Although still in its early stages, the DSA’s approach to trusted flaggers has been praised for standardizing existing practices, harmonizing eligibility criteria, complementing specialized regimes like the Copyright Directive’s Article 17, reinforcing collaboration among stakeholders, and formalizing the role of trusted flaggers in notice and action procedures.

However, the DSA leaves some practical issues unresolved. These include clarifying the roles of trusted flaggers in relation to other actors combatting illegal or harmful content online, such as end users and reporters with direct platform agreements.

The role of trusted flaggers vis-à-vis end users

While the DSA doesn’t explicitly address the interaction between trusted flaggers and end users, some national guidelines suggest that applicant entities should demonstrate mechanisms for end users to report illegal content to them. This demonstration is part of the due diligence requirement during the application process. Essentially, applicants need to outline their content monitoring selection process, including their use of end-user reports, and demonstrate a balanced approach that considers all legitimate rights and interests. This leaves the organization and management of their relationships with end users, including onboarding procedures and the handling of their reports, to the trusted flaggers. Some organizations already operating within existing voluntary schemes, like those in the INHOPE network, offer hotlines for the public to anonymously report illegal content.

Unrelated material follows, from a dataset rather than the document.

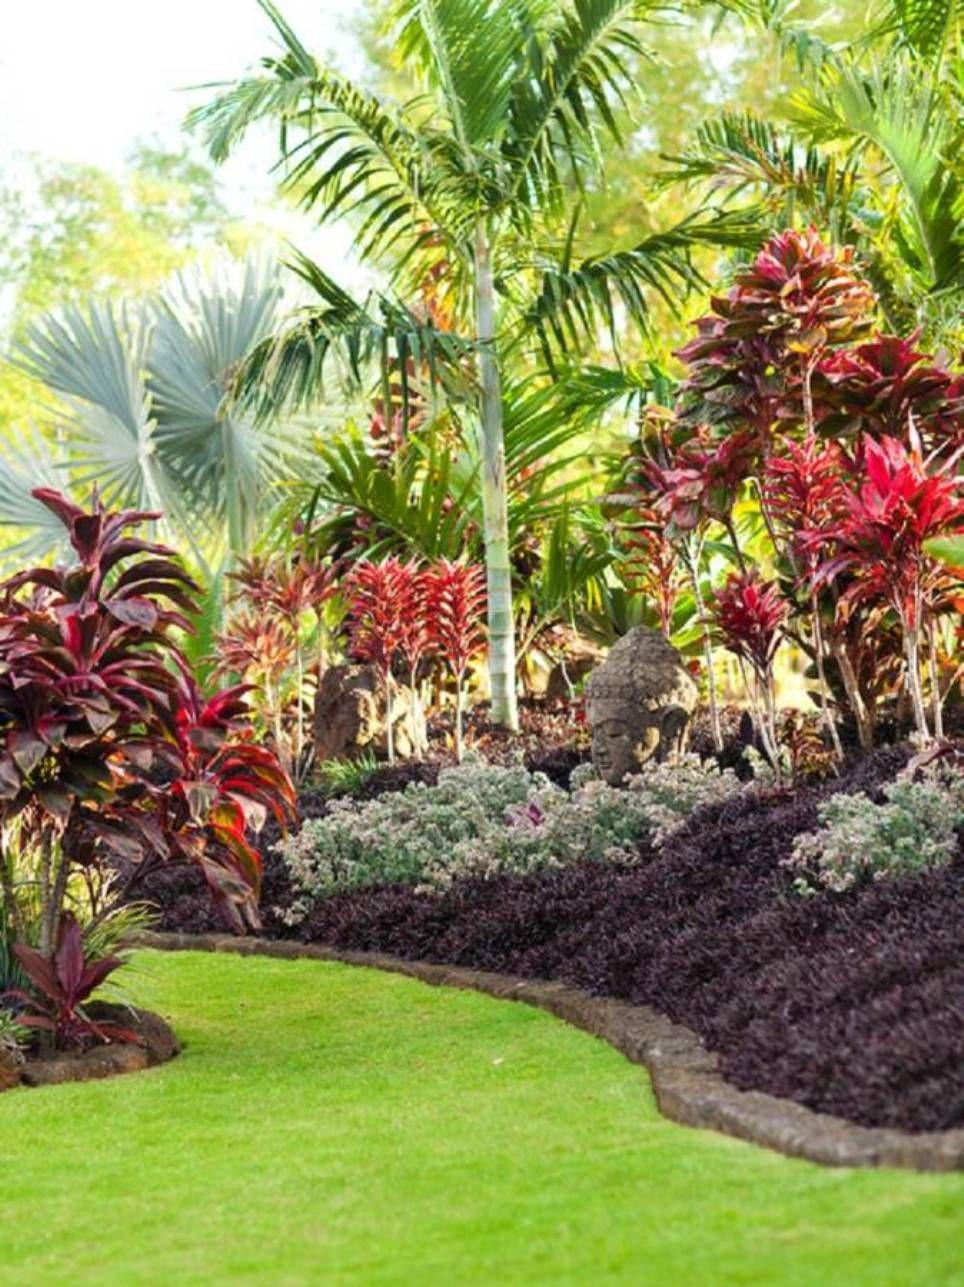 Garden And Lawn , Soothing Asian Garden Design : Tropical Asian Garden  Design

The DSA unequivocally allows end users to directly report content to platforms (Article 16) without involving trusted flaggers. They also retain the right to lodge complaints against platforms (Article 53) and seek compensation for damages (Article 54). It remains to be seen whether the expedited processing offered through trusted flaggers will incentivize end users to use them over direct reporting. Conversely, it’s unclear to what extent applicant entities will be obligated to create robust mechanisms for processing end-user reports within their area of expertise as part of the due diligence requirements.

Trusted flaggers might uncover platform violations while reviewing illegal content reports, just like any online service user. In such instances, Article 53 grants them the right to file a complaint with the relevant DSC, a right they share with end users. If “priority” is the cornerstone of the trusted flagger status when reporting illegal content to platforms, the question arises whether they should receive similar priority when reporting platform violations to DSCs. This raises another question: should trusted flaggers be empowered to lodge complaints with DSCs on behalf of end users, particularly concerning platform abuses like shadow banning?

The role of trusted flaggers vis-à-vis other reporters

The DSA requires online platforms to implement “easy to access and user-friendly” notice and action mechanisms (Article 16) and establish internal complaint-handling systems for service users (Article 20). However, these provisions apply universally, without distinguishing between trusted flaggers and other users. Despite the priority given to their notices under Article 22, the DSA doesn’t define the extent of this prioritization compared to notices from other trusted reporters with whom platforms have existing agreements.

Guidance is needed on the degree of precedence platforms should give trusted flaggers’ notices over other trusted reporters’ and whether the nature of the content affects this precedence. From the trusted flaggers’ standpoint, there should be a tangible incentive for taking on this role with its inherent obligations.

5 Concluding remarks

While the concept of trusted flaggers in addressing illegal online content isn’t new, the DSA introduces novel responsibilities for DSCs. This redistribution of responsibilities aims to harmonize best practices across the EU and enhance online user protection. However, addressing open questions like those outlined above is crucial for the effectiveness of the trusted flagger mechanism in ensuring swift action against harmful and illegal online content. The forthcoming Commission guidelines under Article 22(8) DSA are expected to provide clarity on these issues. Otherwise, the lack of certainty regarding the actual benefits might discourage potential applicants from taking on the role of a trusted flagger.